- **GIVEN DATA**
•••••

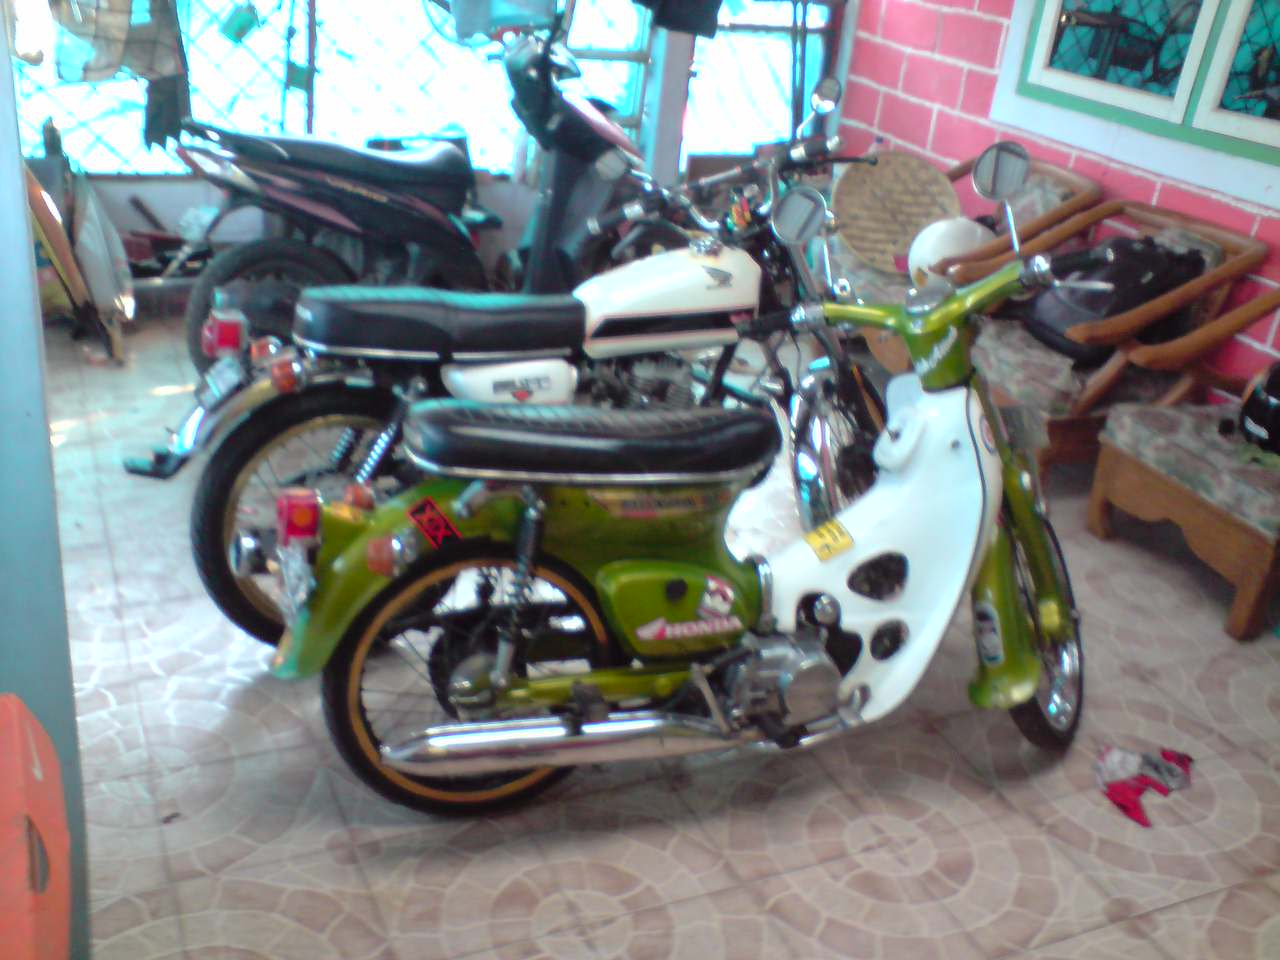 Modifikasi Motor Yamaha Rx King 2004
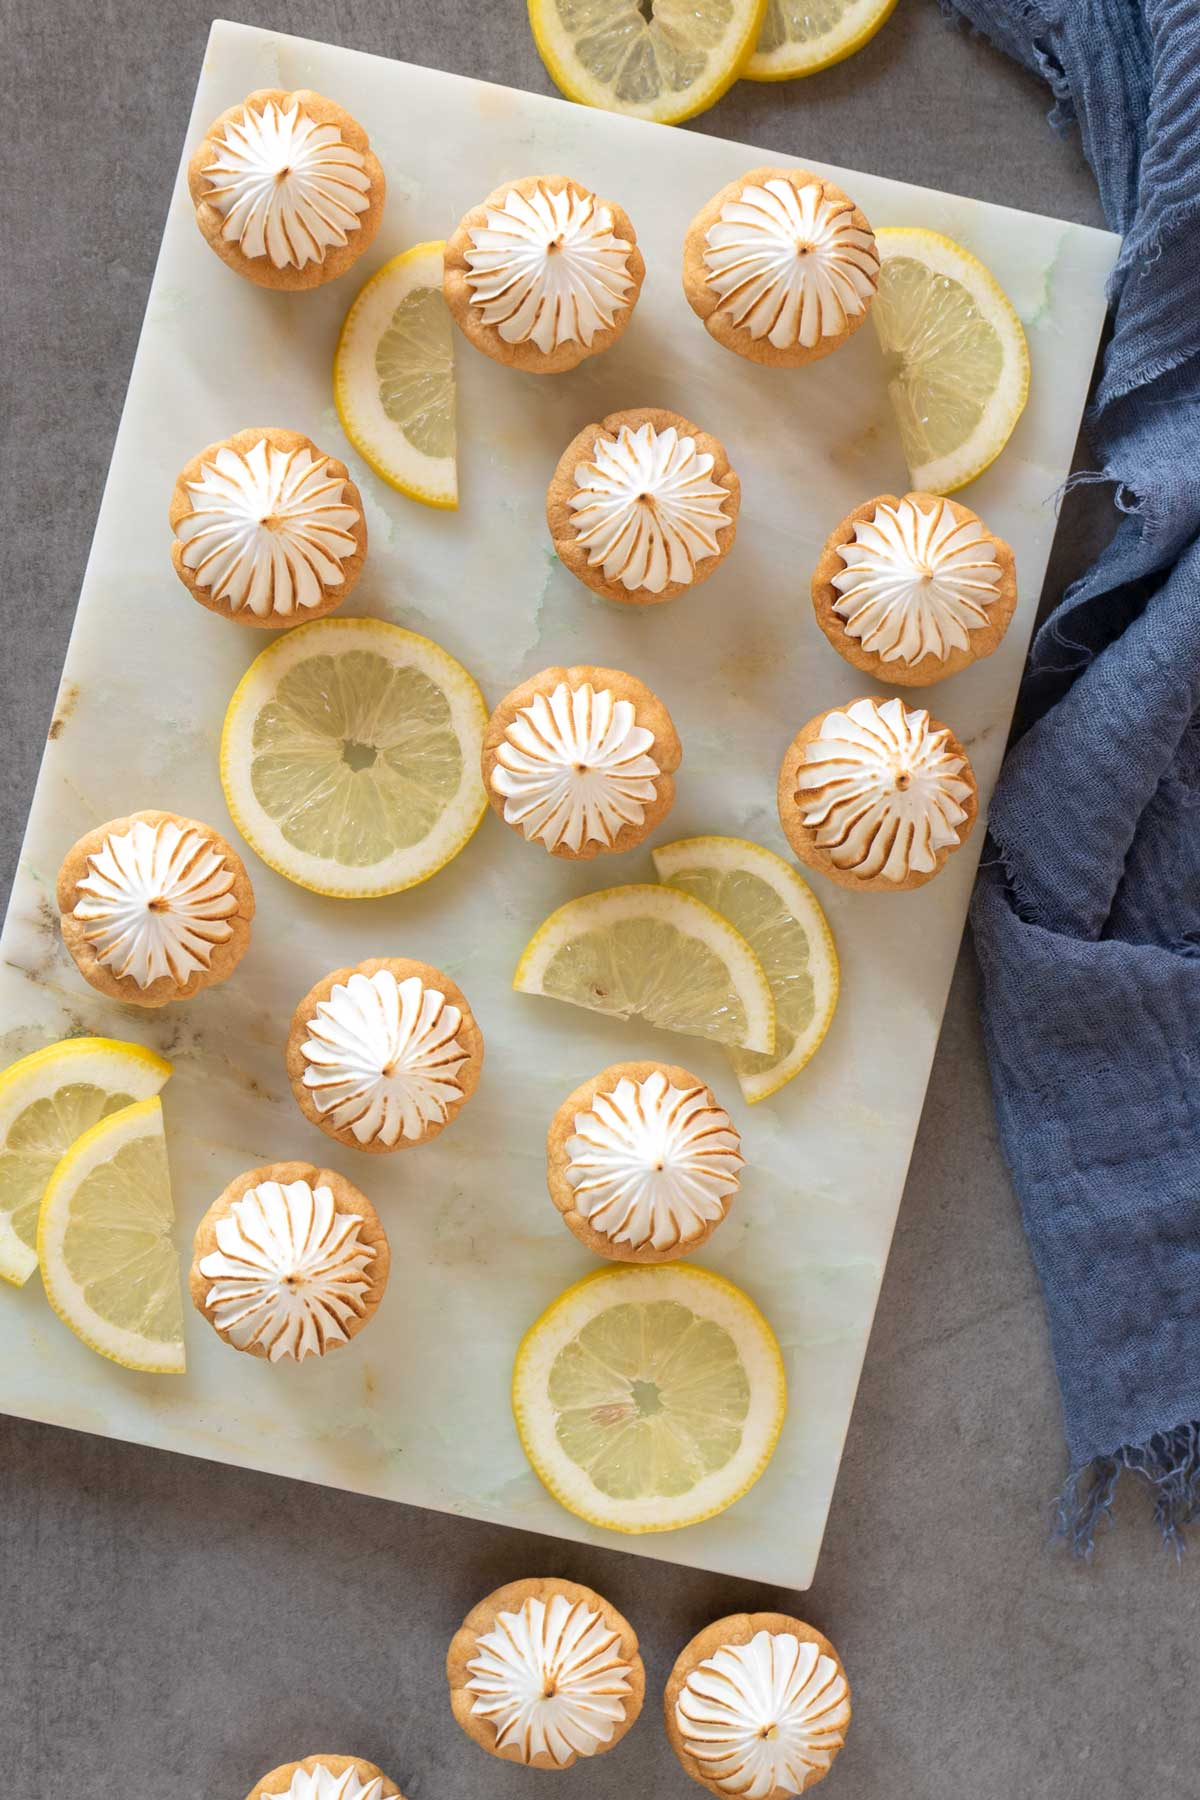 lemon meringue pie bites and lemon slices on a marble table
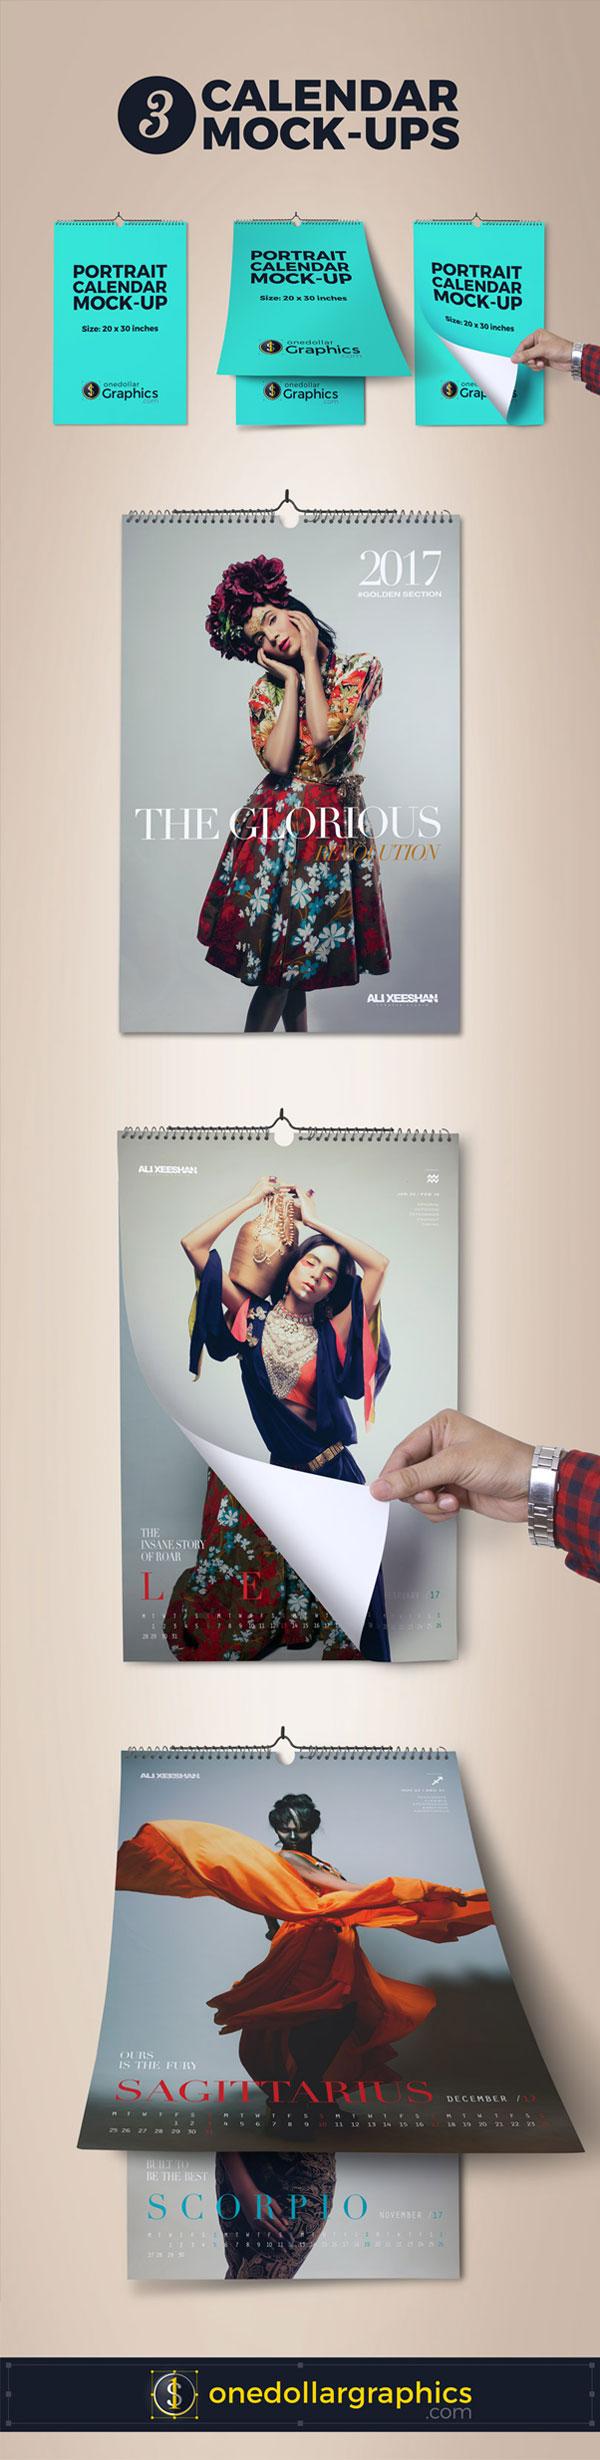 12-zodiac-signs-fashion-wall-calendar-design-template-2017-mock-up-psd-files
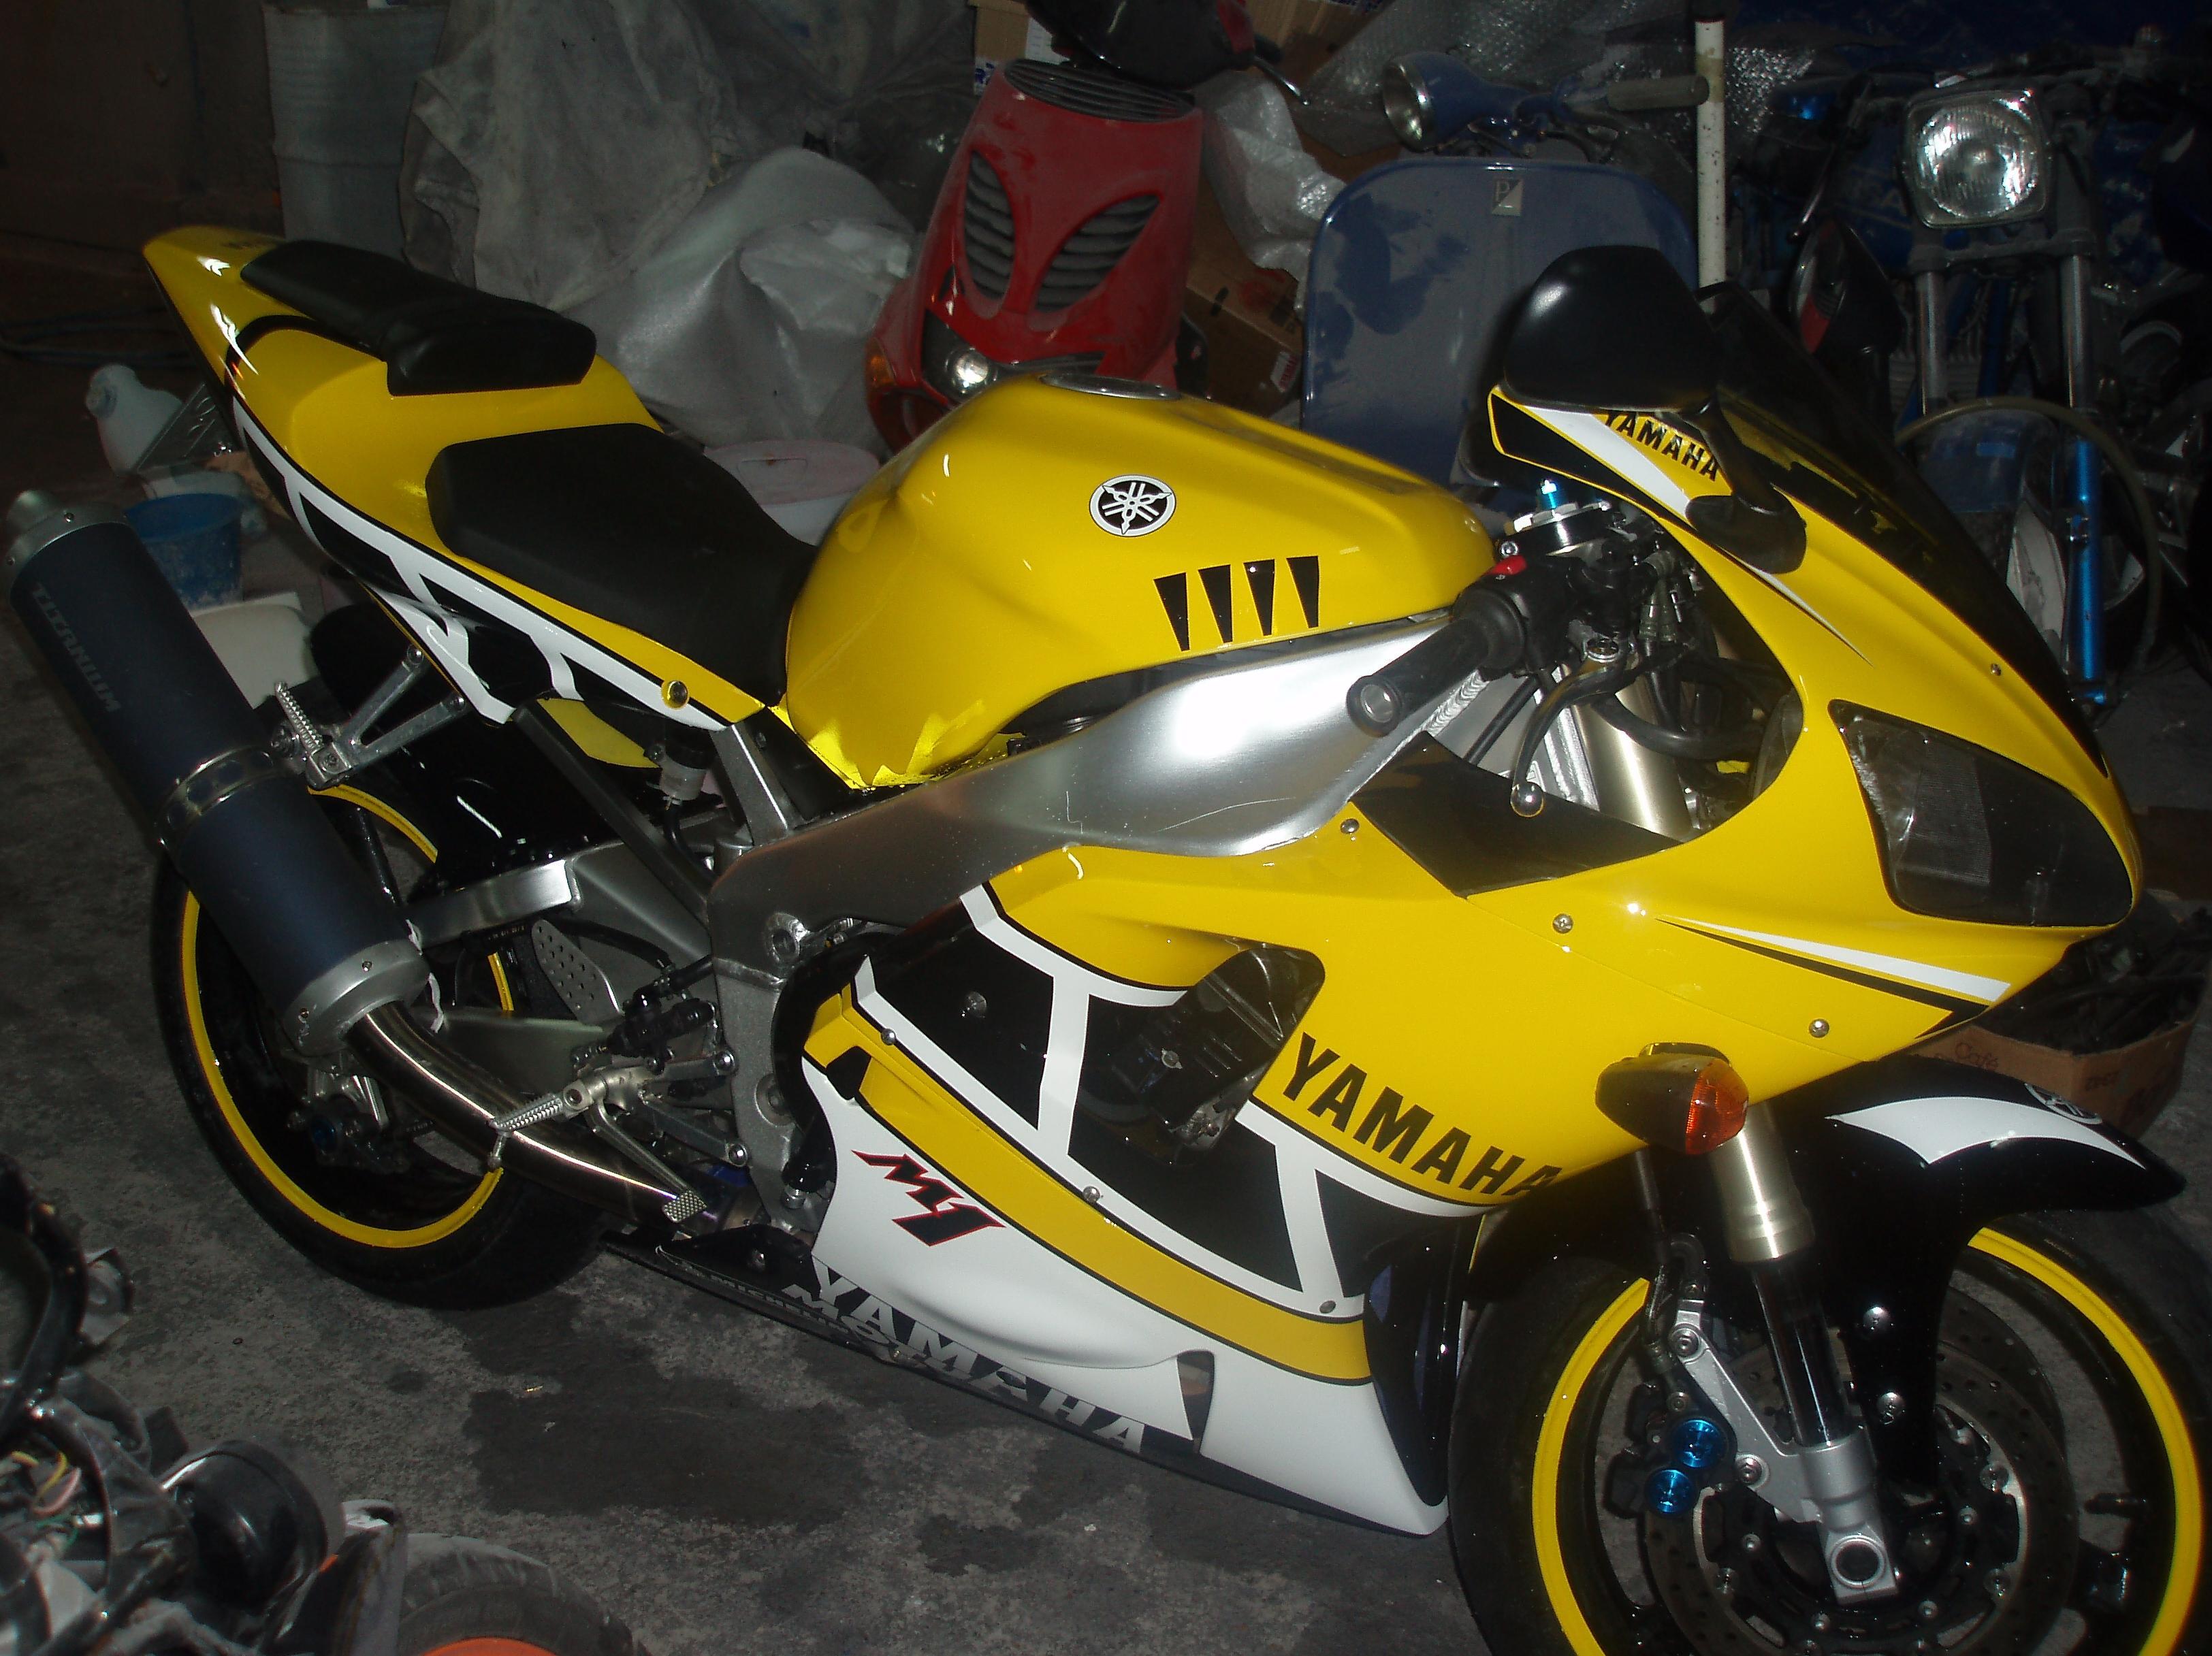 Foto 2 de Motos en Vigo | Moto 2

•••••

- **PROBLEM REQUIREMENTS**
Could you give the listing again exactly, minus its pictures?

- **ANSWER**
 Modifikasi Motor Yamaha Rx King 2004
 lemon meringue pie bites and lemon slices on a marble table
 12-zodiac-signs-fashion-wall-calendar-design-template-2017-mock-up-psd-files
 Foto 2 de Motos en Vigo | Moto 2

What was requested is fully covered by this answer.